В какой-то степени даже сам Марат стал жить моей жизнью. Теперь он точно знал, с кем я учусь, общаюсь, в каких отношениях состою. У меня были знакомые, так называемые друзья, хотя за друзей я их не считала. Но были такие люди, с которыми я могла бы прошвырнуться по магазинам или выпить кофе. Одна поправочка — если бы я в этом нуждалась.
Но Марат знал о них всех, а я знала обо всех его знакомых. В то время мне трудно было по-настоящему оценить особую степень доверия и единения, образовавшуюся между нами. Я не ценила, вернее, занизила ее стоимость. Мне казалось, что это так же нормально и обыденно, как и все остальные вещи, которые я получила, проникнув в цивилизованный мир. У меня не было еды, жилья, возможности учиться, книг. Я не знала, что такое радость, уверенность в завтрашнем дне, удовольствие. И узнала обо всех этих вещах только здесь, рядом с Маратом. И наше единение я приравнивала к...ну, уверенности в завтрашнем дне. Крайне полезная и приятная штука, которая доступна всем или почти всем.
Я проникла еще глубже, если такое вообще возможно. Я проникла даже туда, куда боялся заглядывать сам Марат.
Он же чеченец.
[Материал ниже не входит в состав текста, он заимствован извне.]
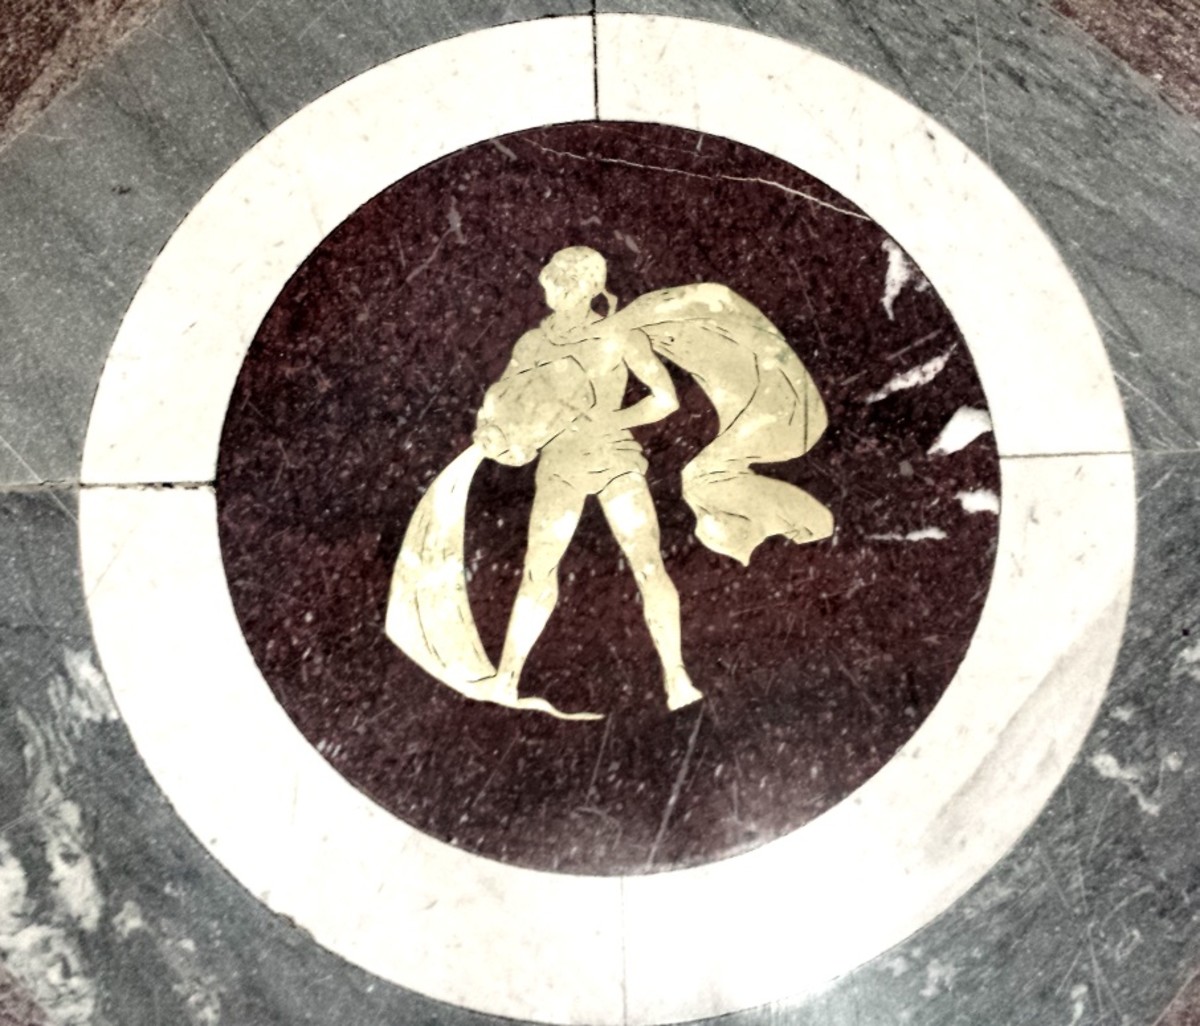 Aquarius, pouring out knowledge for all humanity. All 12 signs of the zodiac are inlaid, in brass, in the marble floor of the Library of Congress, Washington, D.C.

Родившийся в Чечне, воспитывавшийся в правильной, по их законам, семье. Мне так казалось из его немногословных рассказов, которые состояли из пары-тройки рубленых предложений. Я знала, что его отец любил его мать, она была его первой и единственной женой. Больше он не хотел. Я знала, что его отец учил Марата многим вещам — это проглядывалось в изменяющейся тональности голоса, в которую прорывались глубокие, спрятанные воспоминания. Но стоило копнуть глубже, как Марат закрывался. Захлопывался, как мерзкая раковина, и мне хотелось стукнуть его по башке и заявить, что он упрямый дурак.
Но я же не таран, и такой способ с Маратом никогда не прошел бы. Приходилось действовать мягко, нежно, ловя мужчину в такие моменты, когда он больше всего уязвим. Это два состояния: пьяный Марат и пресыщенный Марат. Ну а так как пил он редко, то оставалось лишь второе. Другое дело, что после секса уже мне не хотелось говорить и о чем-то спрашивать.
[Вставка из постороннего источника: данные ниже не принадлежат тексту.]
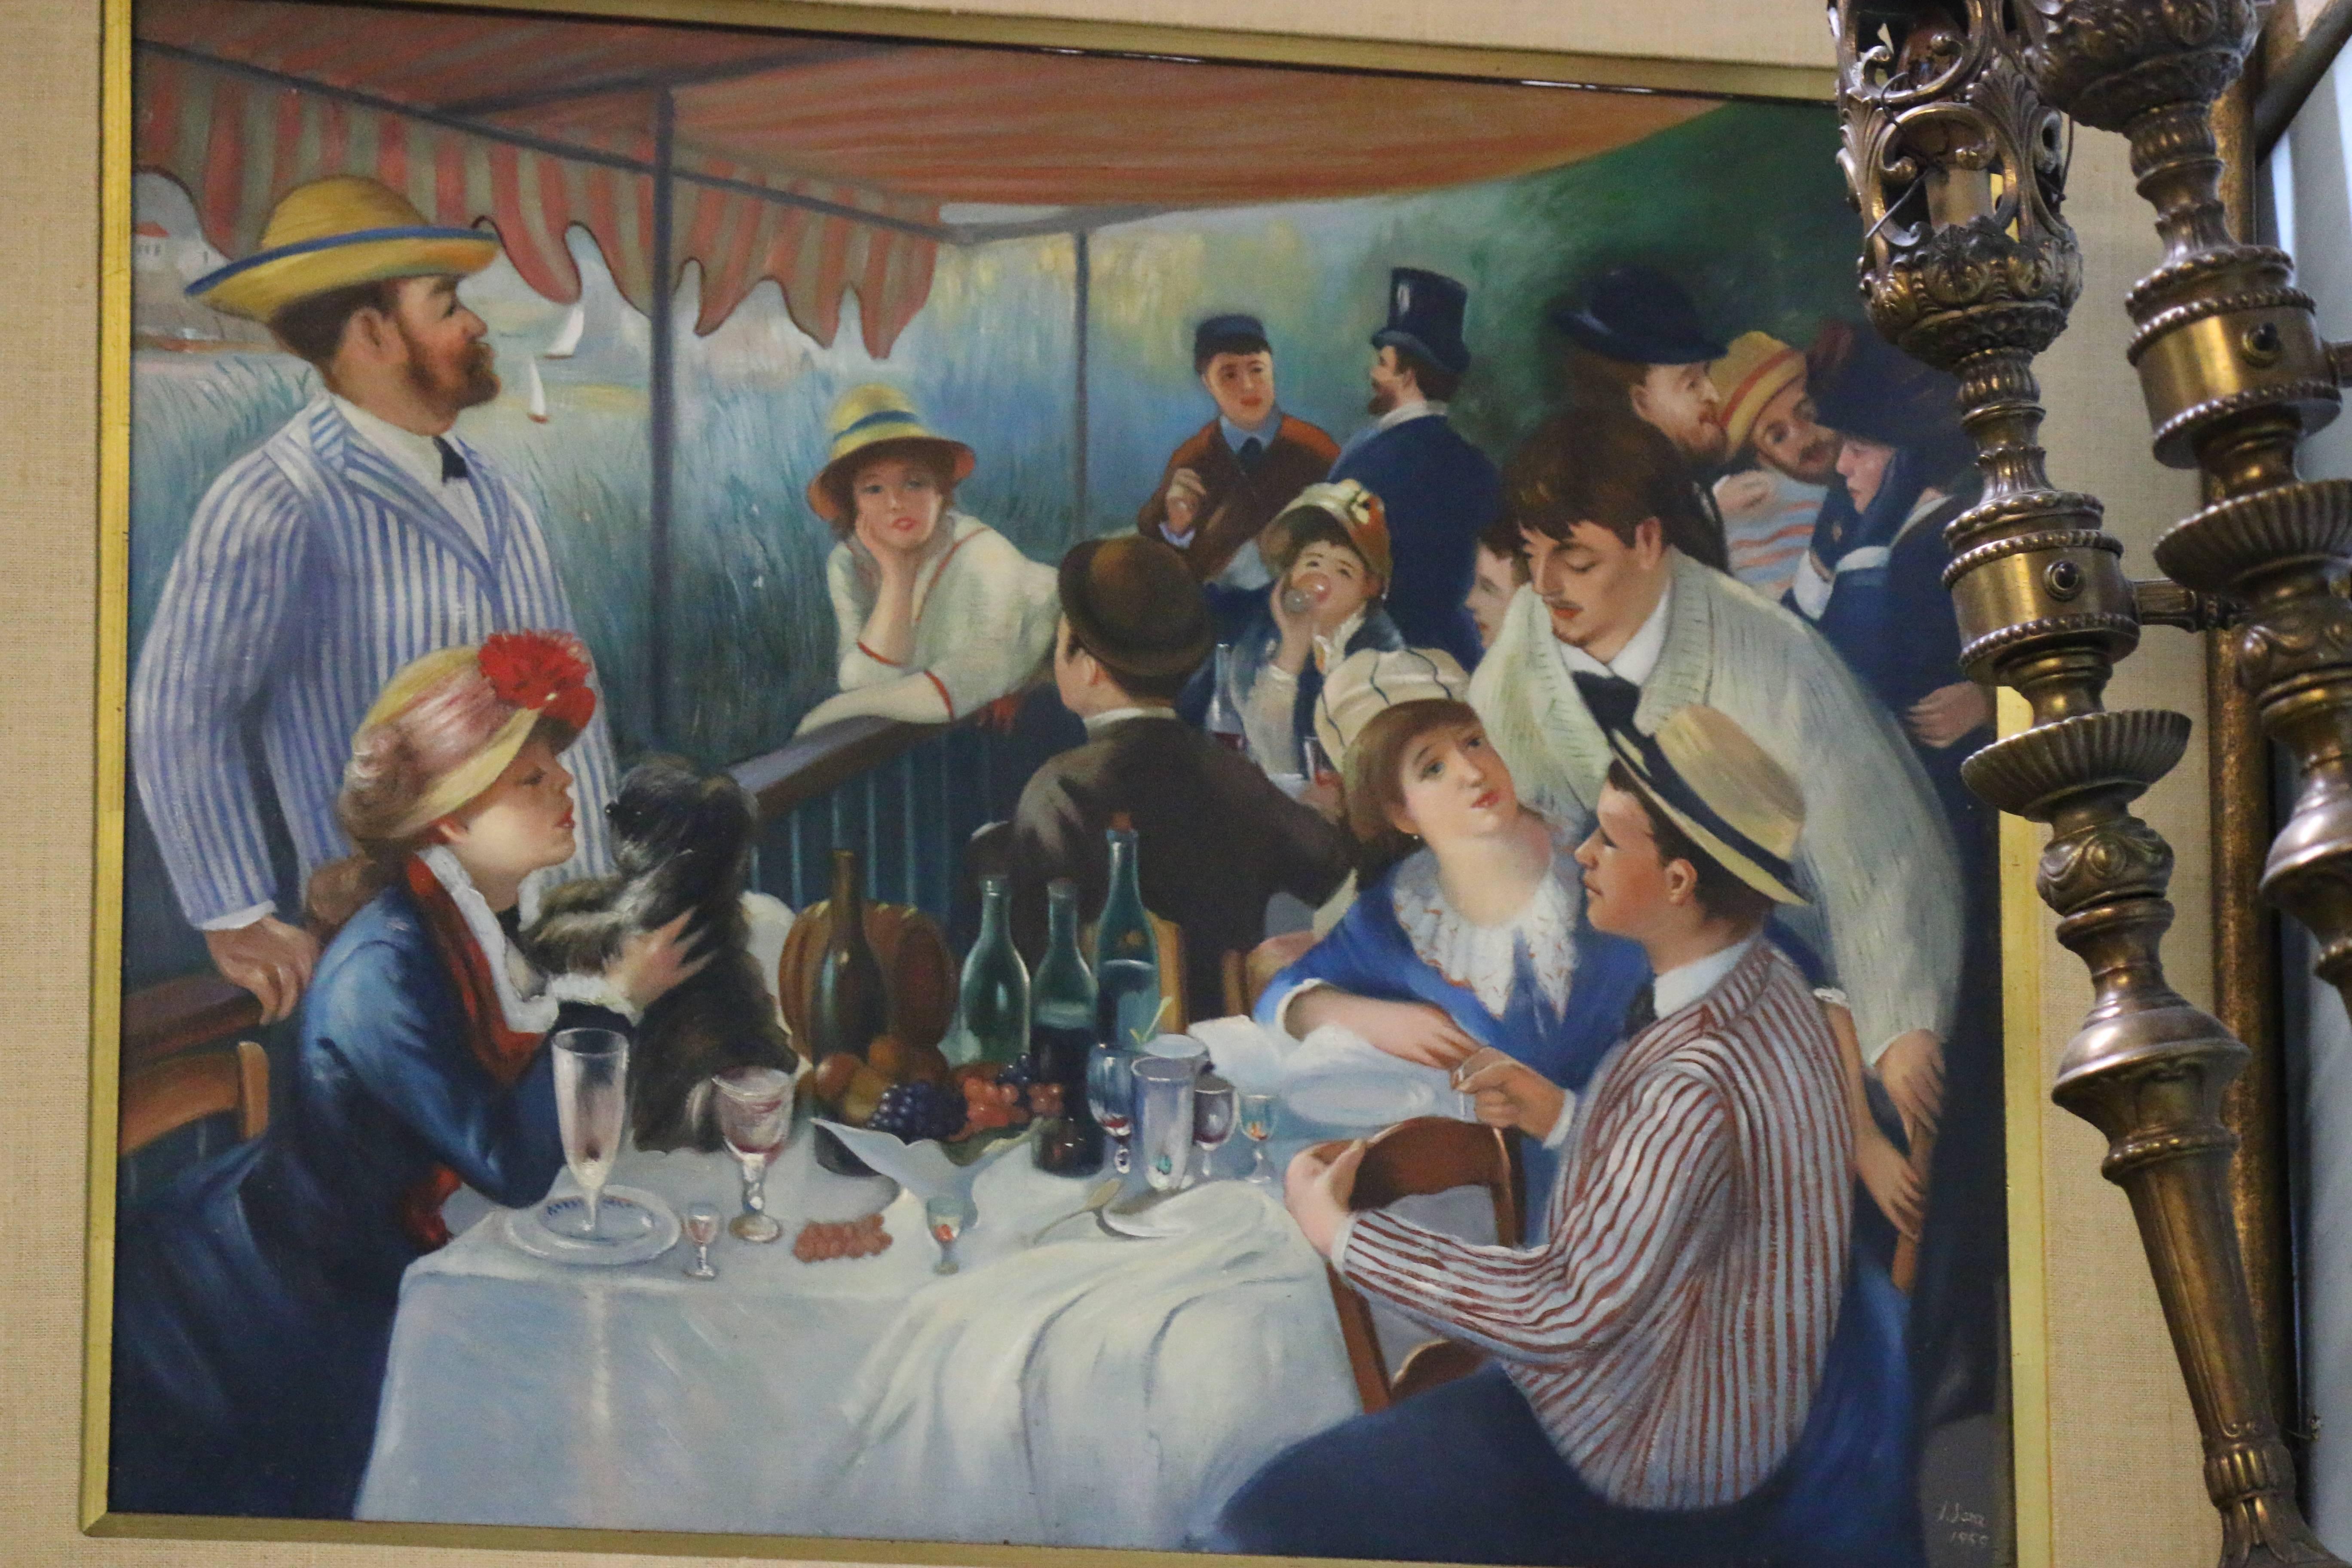 A Gorgeous after Renoir Impressionist 'Boating Party' Painting on Linen, painted by Spanish Artist J. Sanz (signed) in 1959. Sanz asserted his ownership (not a reproduction) of this image by changing the two front gentlemen's clothing from white

Я садилась на Марата верхом, легонько его целовала и гладила. Очень нежно, бережно — касаясь совсем не так, как в порыве страсти. Любила перебирать его волосы, и мужчина чуть ли не мурлыкал от удовольствия. Он почти засыпал, откидывая мне голову на ладонь, а я, как кошка, калачиком сворачивалась у него на груди, убаюкиваясь мерным стуком уверенного и надежного сердца.
— Скажи что-нибудь, — шепотом, еле слышно попросила я. Такой момент не хотелось портить громкостью.
Марат зарылся в мои волосы, наматывая черные пряди на крепкие пальцы.
— Что сказать?
— Не знаю. Что хочешь. Скажи что-нибудь по-чеченски.
В такие моменты он не злился и не нервничал. Полумрак и нежность успокаивали нас обоих.
— Что?
— Что угодно. Хочешь, даже ругайся на меня, — щекой потерлась о короткие темные волоски на его груди. — Только тихо. Не шуми.
В первый раз он не ответил. Во второй — весело хмыкнул. Но я же упертая. В третий раз он сказал пару слов. Позже — мог минут пятнадцать о чем-то мне рассказывать, смеясь над моим растерянным, озадаченным и очень серьезным выражением лица. Я ни слова не могла понять, тарабарщина какая-то, но мне нравилось слушать то, как он говорит. И я изо всех сил это делала. Не понимала — чем безумно мужчину развлекала — но слушала.
— Перестань хмуриться, — Марат протянул руку и разгладил бледный лоб. — У тебя такое лицо сразу...интересное становится.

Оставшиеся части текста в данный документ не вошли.